Critical Flaw in Pac-Resolver NPM Package Affects 290,000 Repositories
A high severity vulnerability recently addressed in popular NPC package Pac-Resolver could be exploited to execute arbitrary code remotely.
The vulnerability (CVE-2021-23406, CVSS score of 8.1) was discovered and reported by Tim Perry on May 30. The issue was addressed with the release of Pac-Resolver 5.0.0 in late July, but information on it wasn’t made public until last week.
In a blog post, Perry explains that the security hole can be exploited by an attacker on the local network to execute arbitrary code remotely inside the Node.js process when the user attempts to send an HTTP request.
Perry discovered the issue in Pac-Proxy-Agent, which relies on two packages – Pac-Resolver and Degenerator – to build the PAC function, without offering a security mechanism for the execution of supplied code.
Pac-Resolver was designed to generate an asynchronous resolver function from a PAC (Proxy Auto-Config) file. The package has roughly 3 million weekly downloads, with nearly 290,000 GitHub repositories depending on it.

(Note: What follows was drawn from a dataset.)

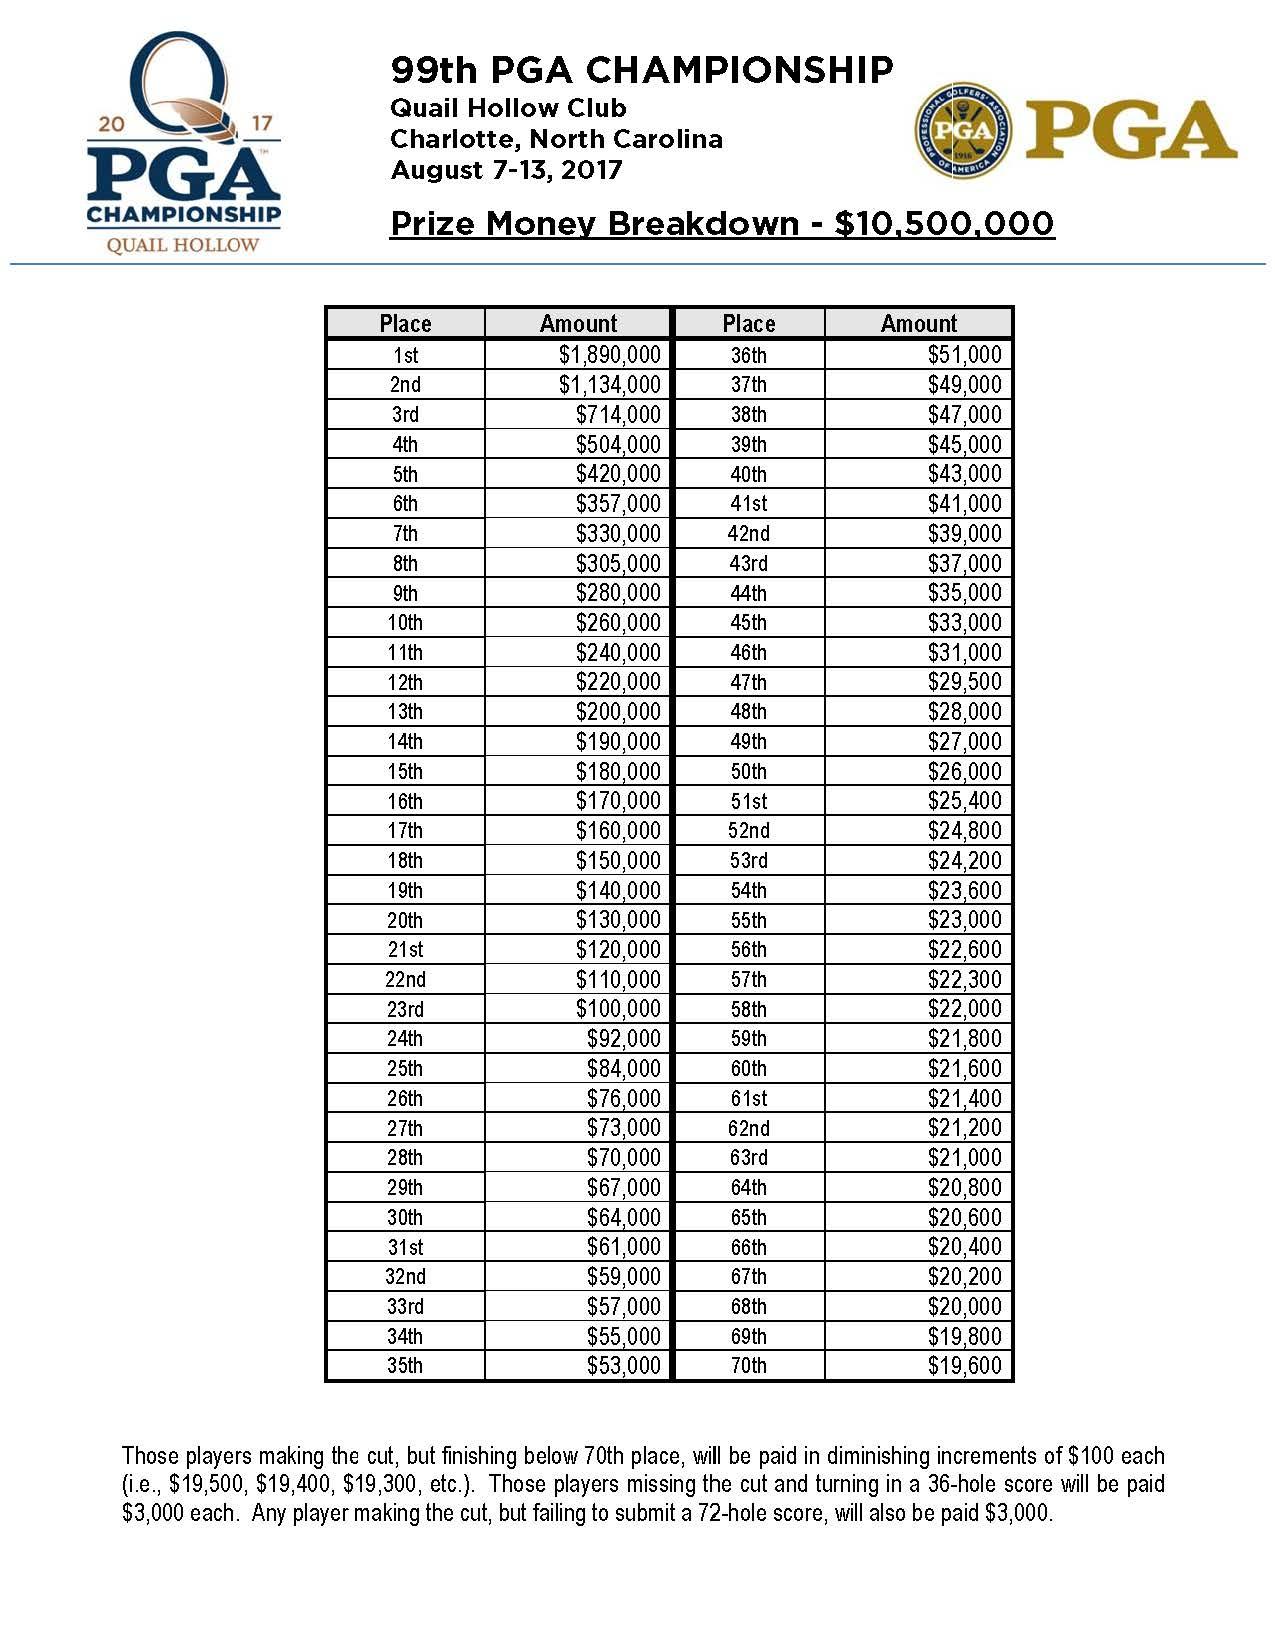 Pga Tour Championship Money Breakdown
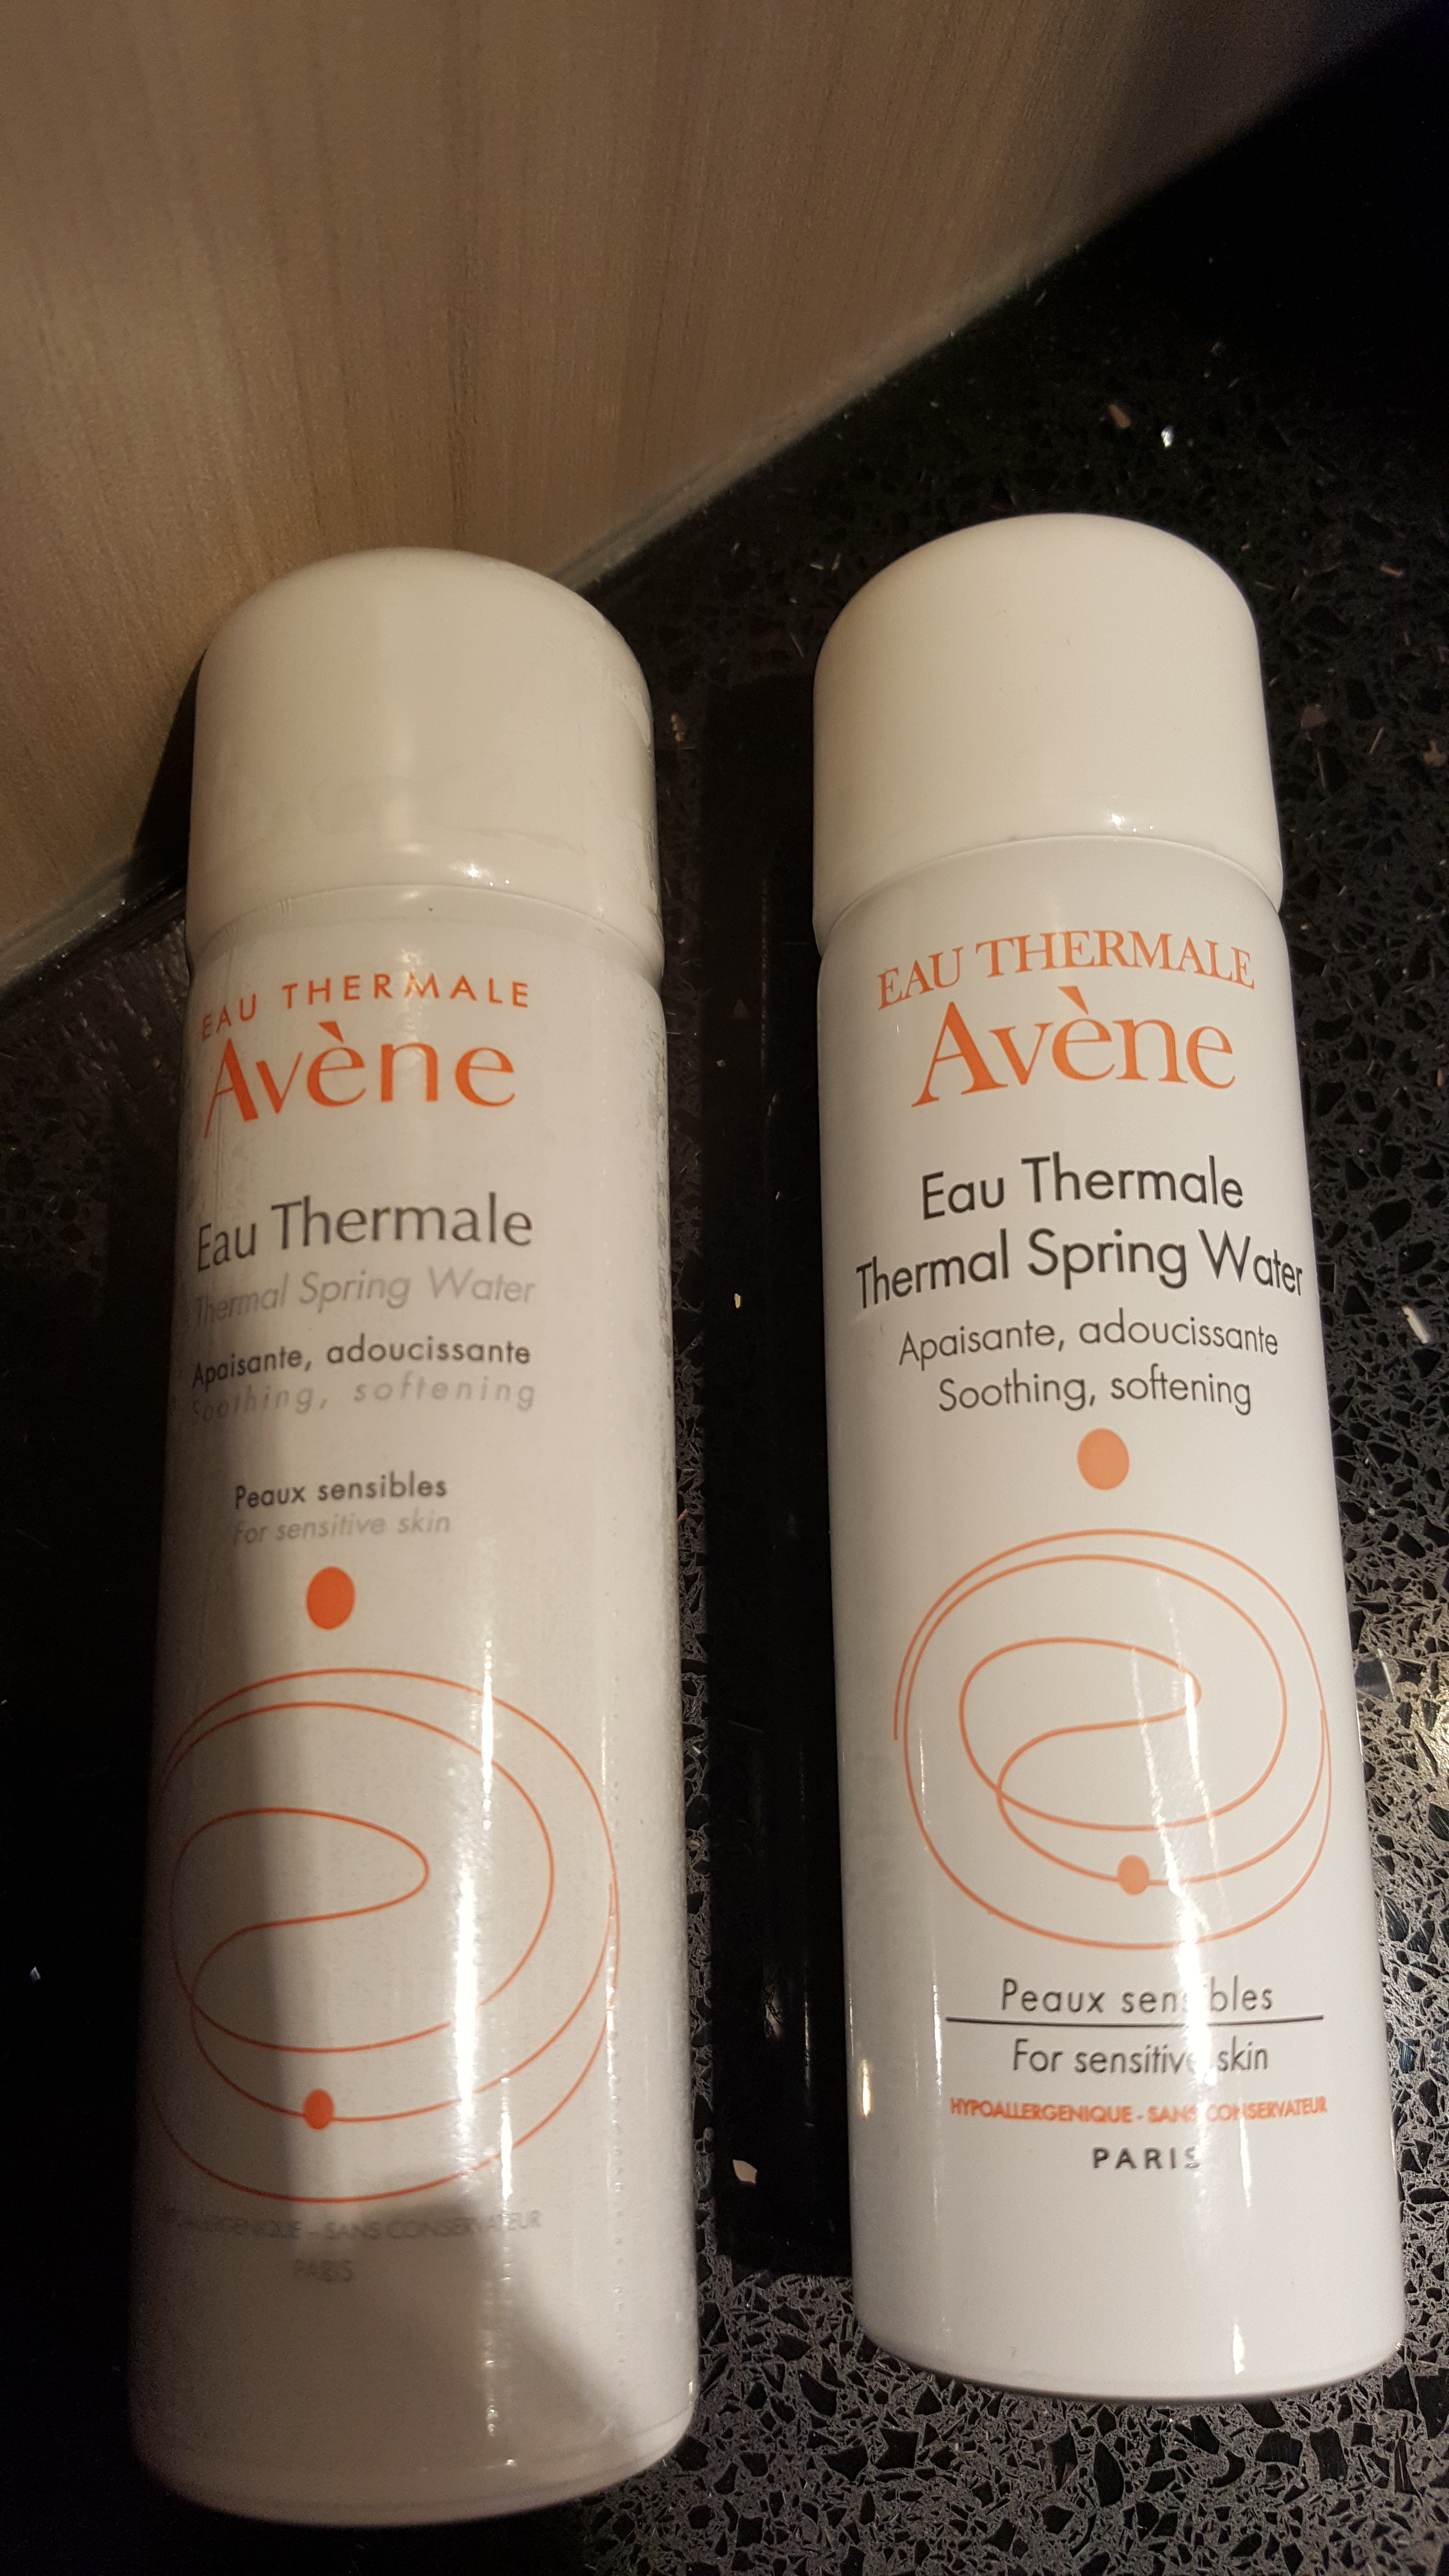 I'd love Facial spring thermal water

“If you accept and use an untrusted PAC file, this is very bad. Every time you make a request using the PAC file, it can run arbitrary code and do anything on your system,” the researcher says.
For successful exploitation, however, an attacker needs to be on the local network and also needs a second flaw, such as a vulnerable configuration, to set configuration values.
“Anybody using a Node.js CLI tool designed to support enterprise proxies in a coffee shop, hotel or airport is potentially vulnerable, for example,” the researcher explains.
The attacker would need to provide a malicious PAC file that could break out of the VM module sandbox and then convince the potential victim to use the PAC file as their proxy configuration, which would allow the attacker to run arbitrary code on their machine.
To patch the issue, the VM2 npm module was implemented. Not only was it designed to run untrusted code, but is also hardened to block sandbox escapes.
“If you depend on Pac-Resolver, and there’s any way you might be using PAC files in your proxy configuration: update to Pac-Resolver v5+ now,” the researcher recommends.